Aujourd’hui encore, il garde d’excellents souvenirs de Manfred Bhujoharry. « Nous étions le premier batch mixte de HSC en 1977, c’était juste après la grève des étudiants. Un jour, le père Henri Souchon est venu au collège pour nous dire qu’un
homme était mort et que sa femme n’avait pas les moyens de payer pour l’enterrement. Le prêtre avait décidé de lui offrir le cercueil, mais il fallait organiser les funérailles. Notre petite équipe a quitté la classe et on s’est rendus chez la veuve. Les filles sont allées cueillir des fleurs à Marie Reine de la Paix, tandis que les garçons ont tout préparé pour l’église de Cassis et le cimetière de l’Ouest. Quand on est retournés au collège, Manfred nous a demandé : êtes-vous des étudiants ou des croque-morts ? » se souvient-il.
Lindsay Morvan nous livre une autre anecdote amusante sur Manfred Bhujoharry. Il raconte : « Un jour, il y avait un déjeuner dansant à Rose-Hill. Tout le staff du collège était invité. Juste après le repas, Manfred a dansé du rock’n’roll. C’était étonnant et magnifique. C’était un bon vivant qui avait le verbe facile. Malheureusement, il a eu le diabète et s’est fait amputer les pieds. »
Ceux qui ont connu Alex ou son fils Manfred vous diront que l’éducation, pour eux, était l’essence même de toute vie. Et c’est vrai, car c’est le passeport pour le mieuxvivre, intellectuellement ou pas.
Pour la petite histoire
Le Bhujoharry College tient son nom de l'illustre famille Bhujoharry d'autrefois. Il a été fondé par Jean Arthur Bhujoharry en 1924 et se situait à Condé Street, Ward IV, Port-Louis. Transféré à la rue St George en 1938, il est resté localisé dans ce quartier très respectable et est devenu l'un de ses joyaux. Le directeur était alors Alex Bhujoharry. Pour lui, tout le monde devait avoir la possibilité de s'instruire. Il voulait que les équipements éducatifs tels que les livres, les enseignants et les bourses soient accessibles à tous. Et que le savoir soit transmis à tous les étudiants, pour qu'ils puissent réaliser leurs aspirations dans la vie. Il s'est efforcé, sans relâche, de donner raison à sa philosophie de l'éducation. Il organisait les cours et les salles de classe sur une base scientifique qu'il avait lui-même élaborée.
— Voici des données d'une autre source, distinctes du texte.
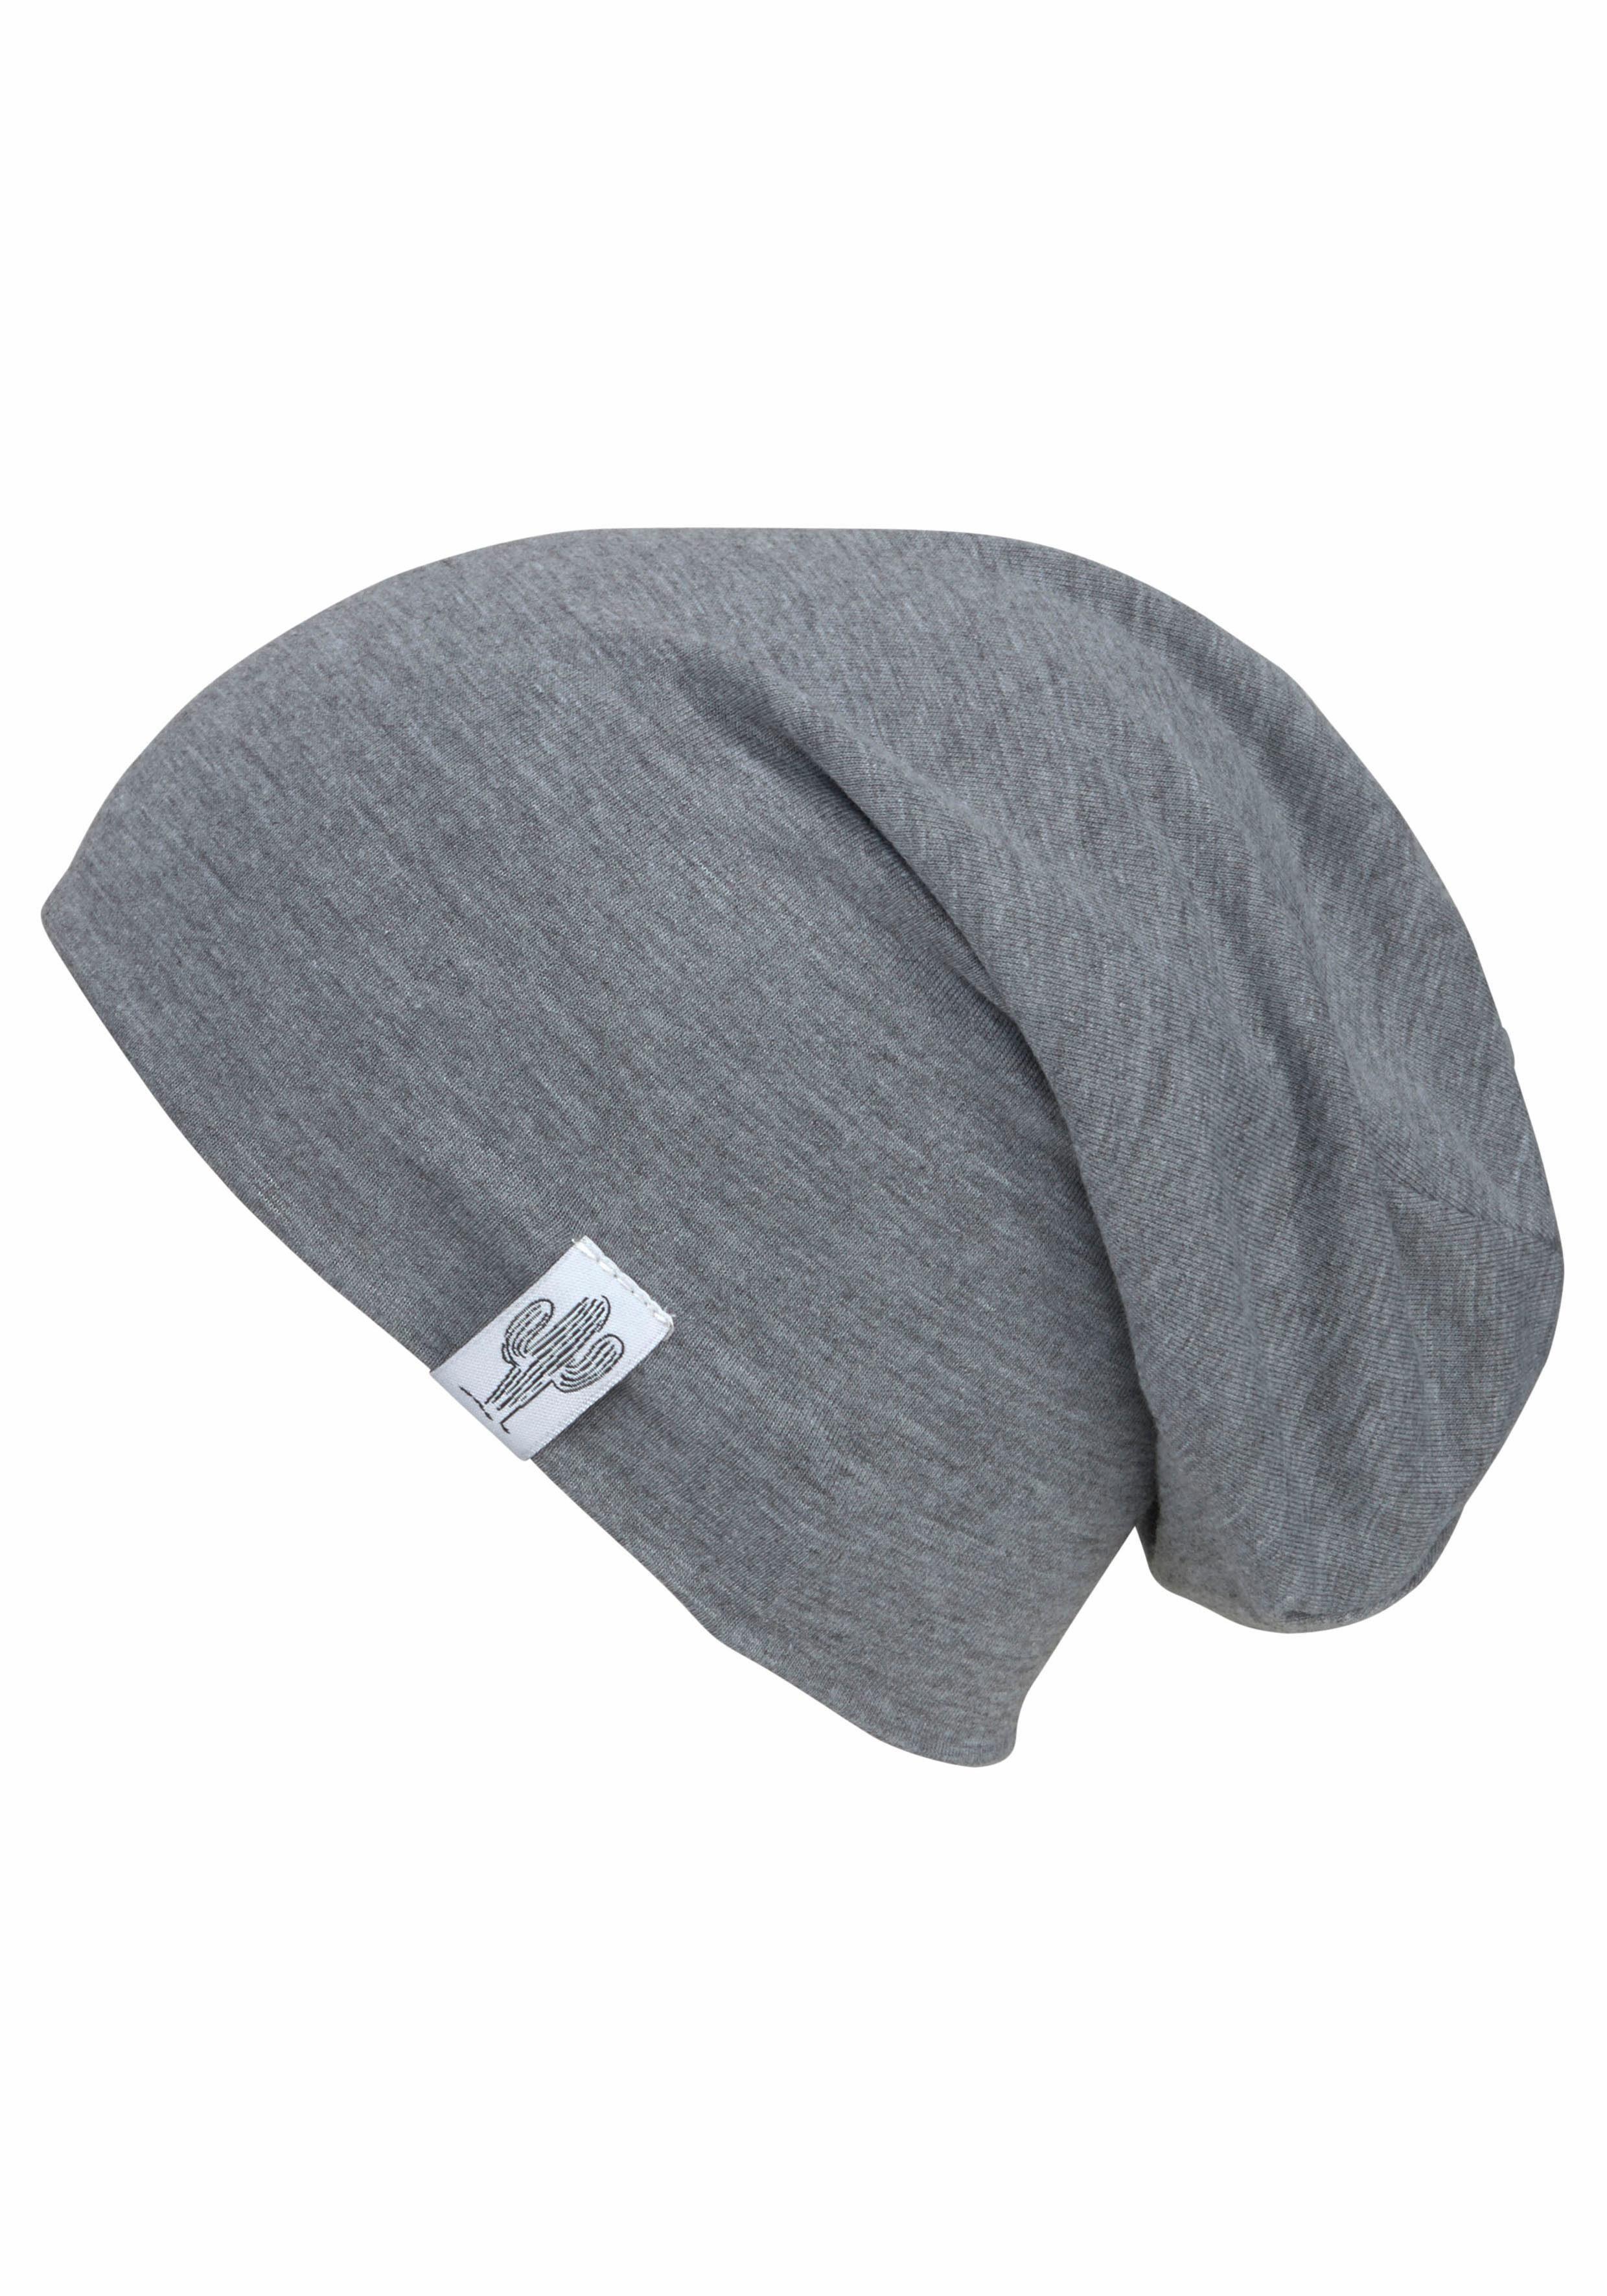 J.Jayz Beanie, Jersey Mütze, Oversize, Logo Flag Label

Maîtreenseignant autodidacte, il a enseigné à de grandes classes comprenant des centaines d'élèves avec un grand succès. La carotte et le bâton ont permis de former et de discipliner une foule d'enseignants qui ont été inspirés pour élever leurs propres normes académiques et se consacrer à leur travail. Les classes en continu à partir de la sixième année, personnellement contrôlées par Alex Bhujoharry, ont produit des éléments humains capables de rivaliser avec n'importe qui, n'importe où. En 1947, le collège a un premier lauréat. Il s’agissait de Veerasamy Naiken, qui a exercé en tant que médecin à Philadelphie, aux États-Unis.
En 1954, Bhujoharry a obtenu trois lauréats : Sydney Louis, Guhreyan Nathoo et Devi Bundhoo. En 1955, M. Sooltan et Ghislaine Camille ont été lauréats. En 1973, Manfred Bhujoharry prend la direction de l'institution. Bien que son approche soit différente, il a fait constamment preuve de compréhension et de souplesse dans sa gestion. Sir Harilall Vaghjee, le premier président de l'ancienne Assemblée législative, et son successeur, sir Ramesh Jeewoolall, étaient tous deux d'anciens élèves de cette institution.